Early developmental trajectory phenotypes for risk stratification of autism spectrum disorder in very preterm infants: a machine learning approach
BSID-III trajectories from 6–24 months spot very preterm infants who are very unlikely to develop autism, letting you focus early-intervention resources on the rest.
01Research in Context
What this study did
The team tracked 441 very preterm babies with the BSID-III every three months from six to 24 months corrected age.
They fed the scores into a machine-learning model to see if early paths of cognitive, language, and fine-motor growth could flag later autism diagnosis.

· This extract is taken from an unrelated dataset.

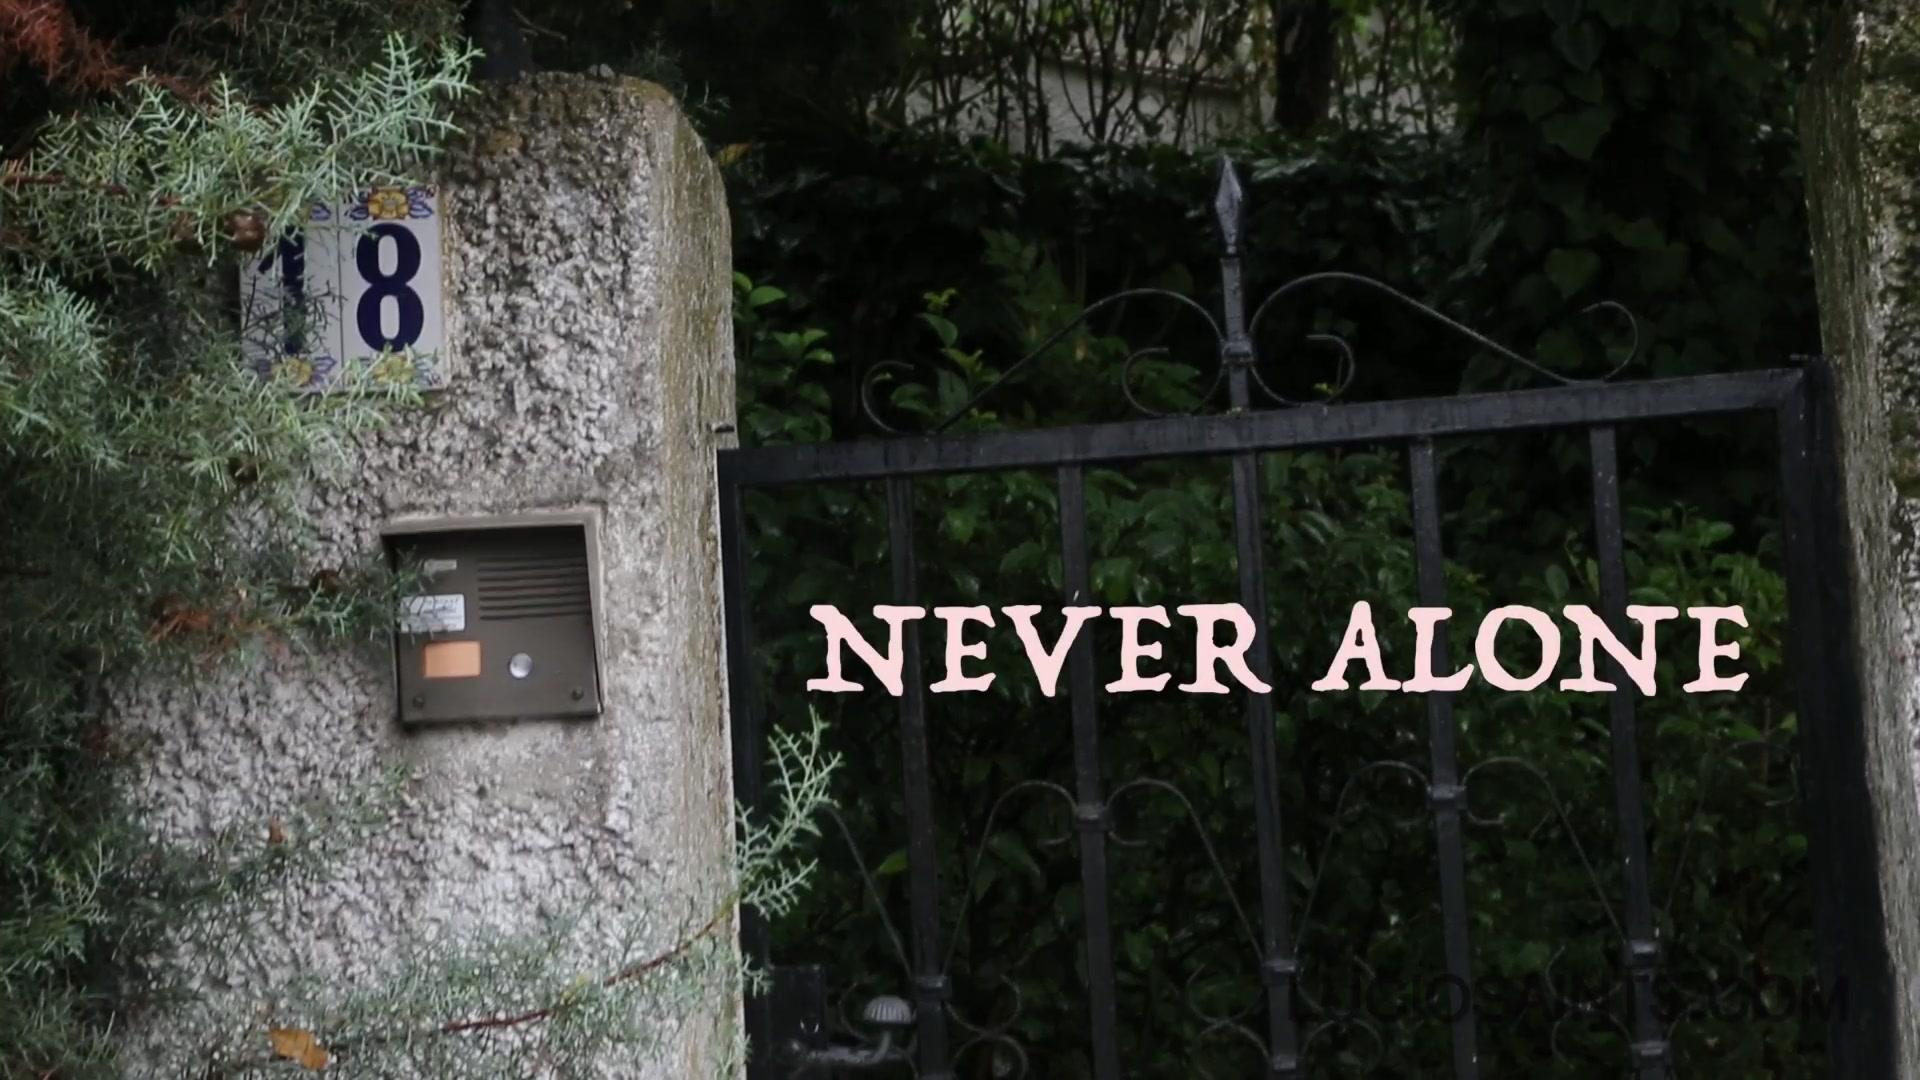 Ares Camacho Porno never alone - ares camacho, yoshi kawasaki gay porno hd online

Doctors confirmed ASD at 36 months with the ADOS-2.
What they found
Kids who later got an ASD label had flatter or falling curves on receptive language, expressive language, and fine motor.
The model’s “low-risk” rule was right 93.6 % of the time, so you can trust a negative flag.
Overall accuracy stayed modest, so some high-risk alerts will be false alarms.
How this fits with other research
Yaari et al. (2018) saw the same flat lines with the Mullen, but they only warned of general delay; Chen’s work sharpens the warning to ASD risk.
Velikos et al. (2015) first showed BSID-III dips at 12 months in preterm infants; Chen adds machine learning and longer follow-up to turn that snapshot into a forecast.
Seiverling et al. (2018) also used latent classes in toddlers with language delay and linked a low verbal track to later ASD; Chen proves the pattern starts even earlier in preterm babies.
Why it matters
You now have a clear, low-cost screen: run the BSID-III on schedule, plug the scores into the free model, and you can tell neonatal follow-up teams which families need earlier ABA referral and which can breathe easier.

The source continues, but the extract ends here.